Sharma Sheena, Kogan Clark, Varma Manthena V S, Prasad Bhagwat
Department of Pharmaceutical Sciences, Washington State University, Spokane, WA, USA.
Center for Interdisciplinary Statistical Education and Research (CISER), Washington State University, Pullman, WA, USA.
Drug Metab Pharmacokinet. 2023 Dec;53:100518. doi: 10.1016/j.dmpk.2023.100518. Epub 2023 Jun 12.

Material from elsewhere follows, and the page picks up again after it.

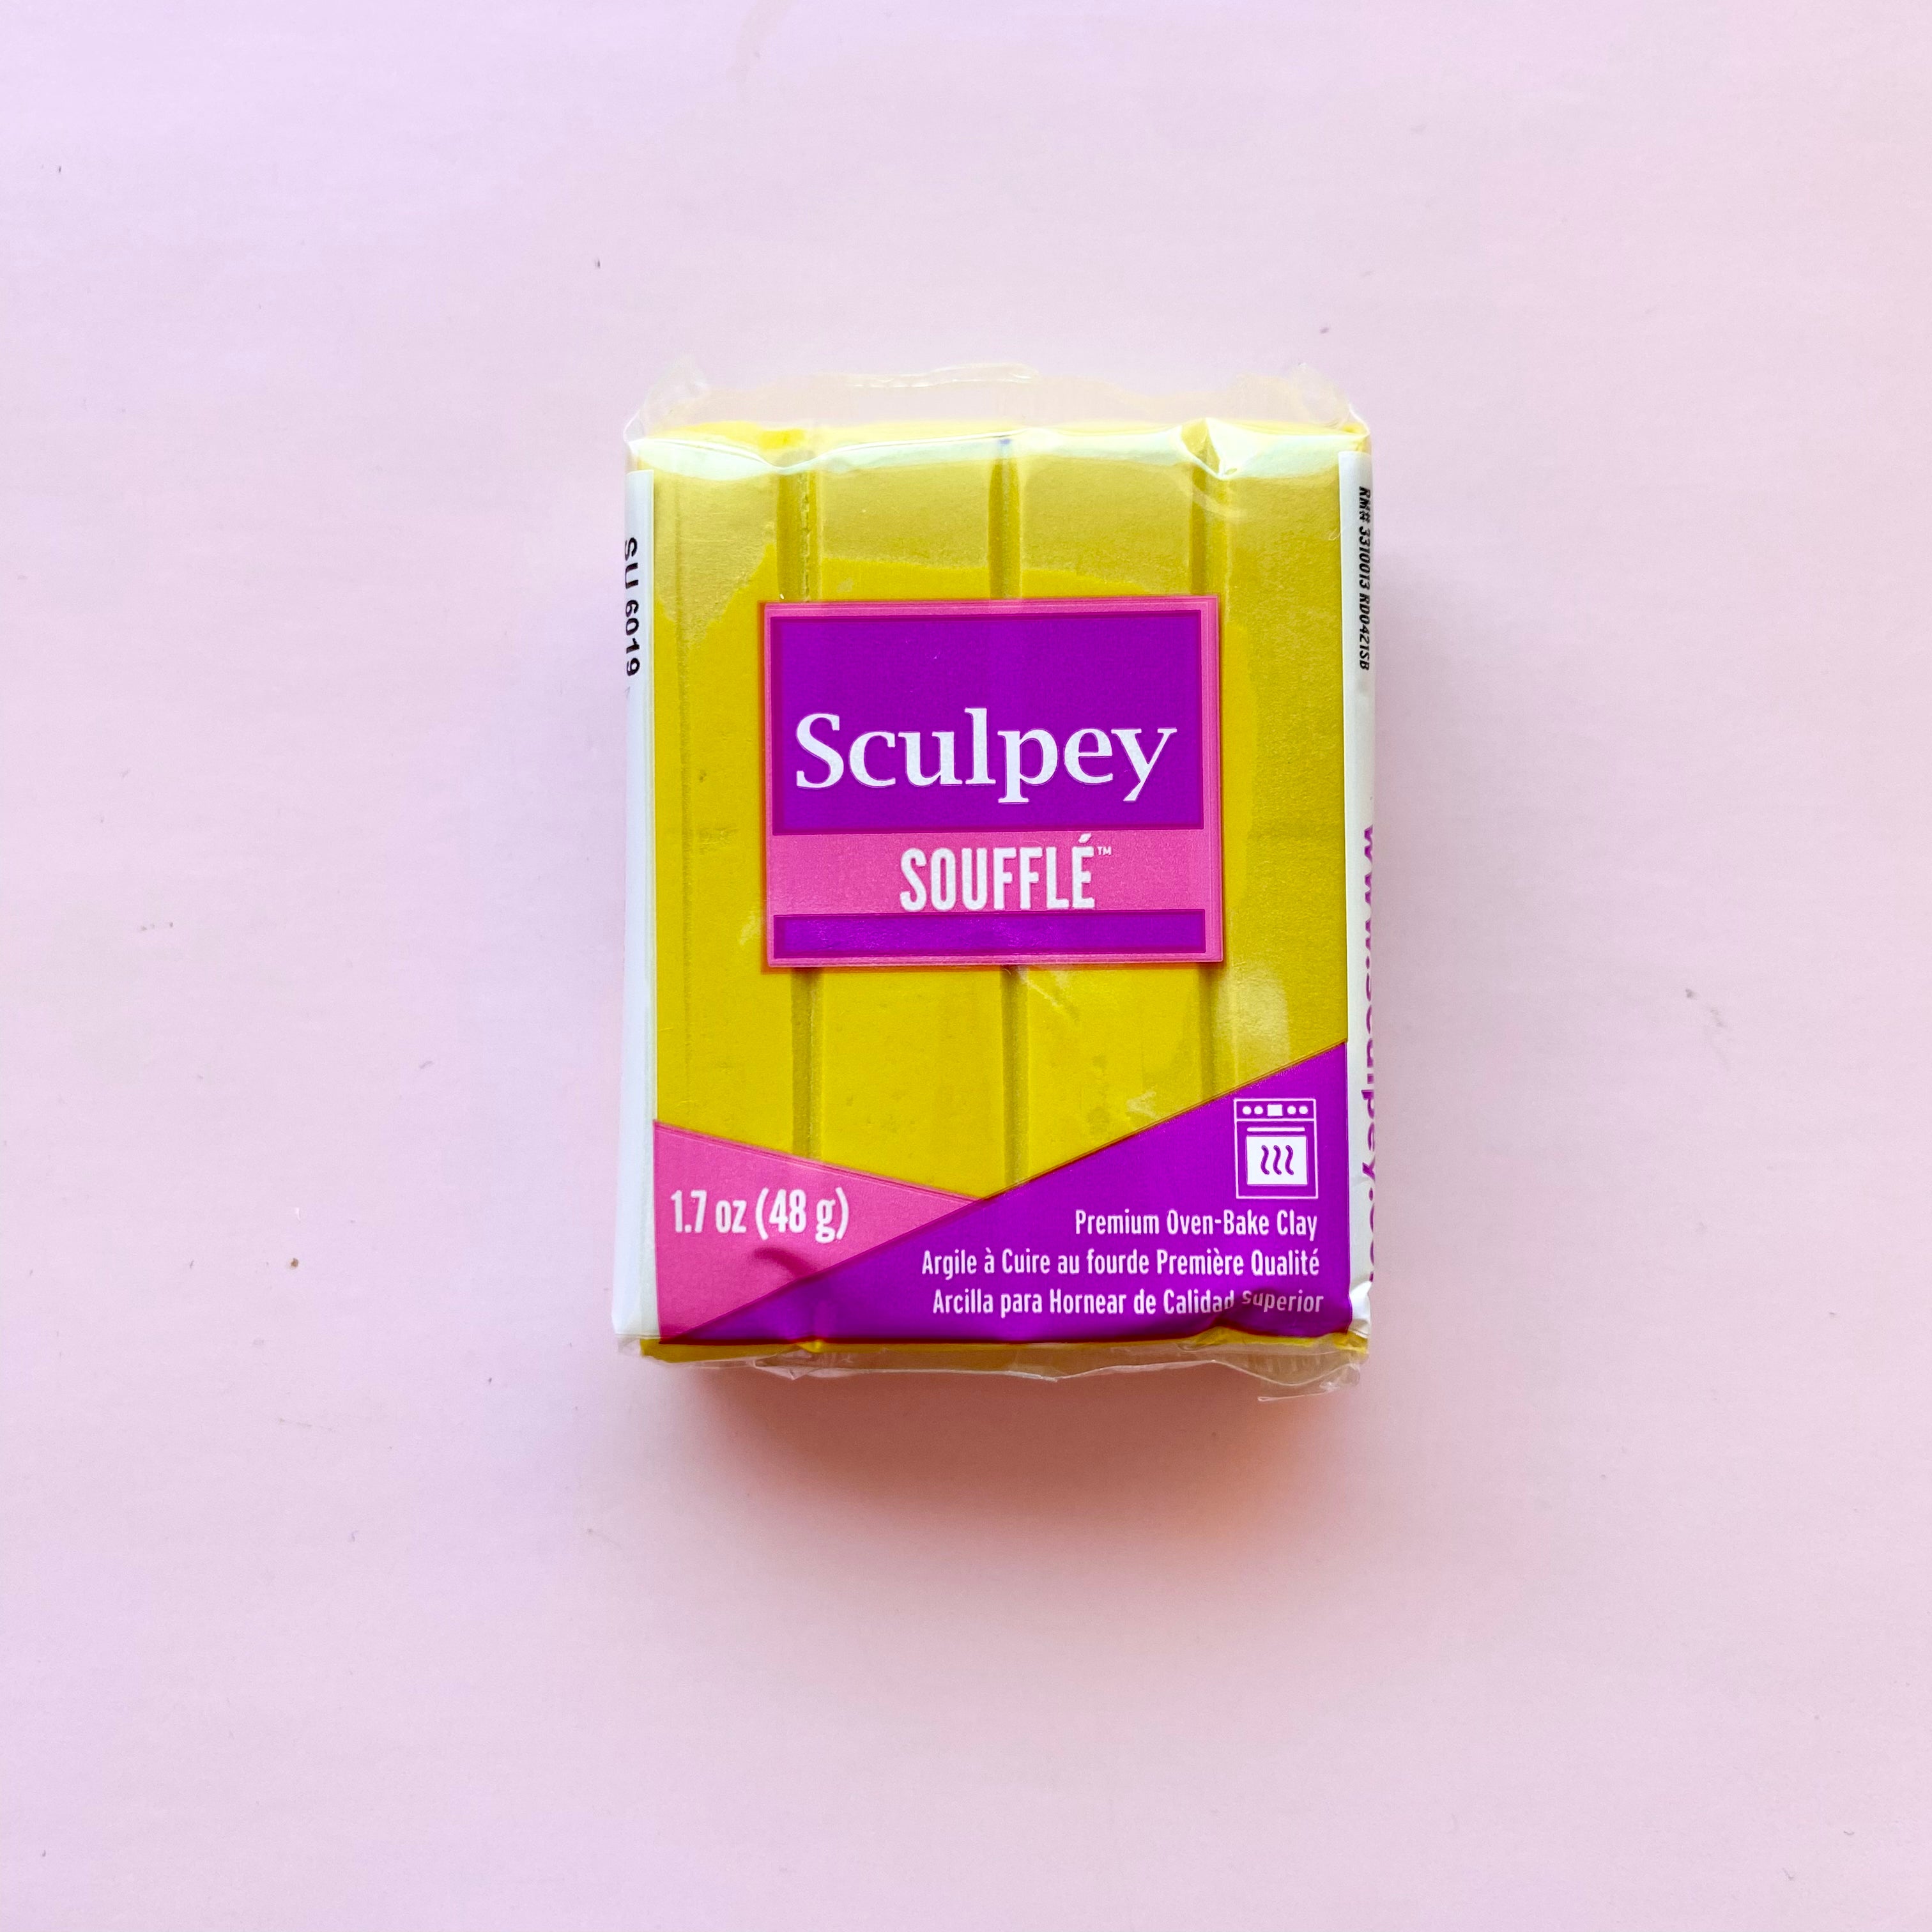 Sculpey Souffle Sedona

The effect of food on oral drug absorption is determined by the complex interplay among gut physiological factors and drug properties. The currently used dissolution testing and classification systems (biopharmaceutics classification system, BCS or biopharmaceutics drug disposition classification system, BDDCS) do not account for dynamic changes in gastrointestinal physiology caused by food intake. This study aimed to identify key drug properties that influence food effect (FE) using supervised machine learning approaches. The analysis showed that drugs with high logP, dose number, and extraction ratio have a higher probability of positive FE, while drugs with low permeability and high efflux saturation index have a greater likelihood of negative FE. Weakly acidic drugs also showed a greater probability of positive FE, particularly at pKa >4.3. The importance of drug properties in predicting FE was ranked as logP, dose number, extraction ratio, pKa, and permeability. The accuracy of FE prediction using the models was compared with BCS and extended clearance classification system (ECCS). Overall, the likelihood or magnitude of FE depends on physiological changes to food intake such as altered bile acid secretion rate, intestinal metabolism, transport kinetics, and gastric emptying time, which should be considered along with drug properties (e.g., solubility, logP, and ionization) in predicting FE of orally administered drugs.
食物对口服药物吸收的影响取决于肠道生理因素和药物性质之间复杂的相互作用。目前使用的溶出度测试和分类系统(生物药剂学分类系统,BCS或生物药剂学药物处置分类系统,BDDCS)并未考虑食物摄入引起的胃肠道生理动态变化。本研究旨在使用监督机器学习方法识别影响食物效应(FE)的关键药物性质。分析表明,具有高logP、剂量数和提取率的药物具有更高的阳性FE概率,而具有低渗透性和高外排饱和指数的药物具有更大的阴性FE可能性。弱酸性药物也显示出更高的阳性FE概率,尤其是在pKa>4.3时。预测FE时药物性质的重要性排序为logP、剂量数、提取率、pKa和渗透性。使用这些模型预测FE的准确性与BCS和扩展清除率分类系统(ECCS)进行了比较。总体而言,FE的可能性或程度取决于食物摄入引起的生理变化,如胆汁酸分泌率改变、肠道代谢、转运动力学和胃排空时间,在预测口服药物的FE时,应将这些因素与药物性质(如溶解度、logP和离子化)一并考虑。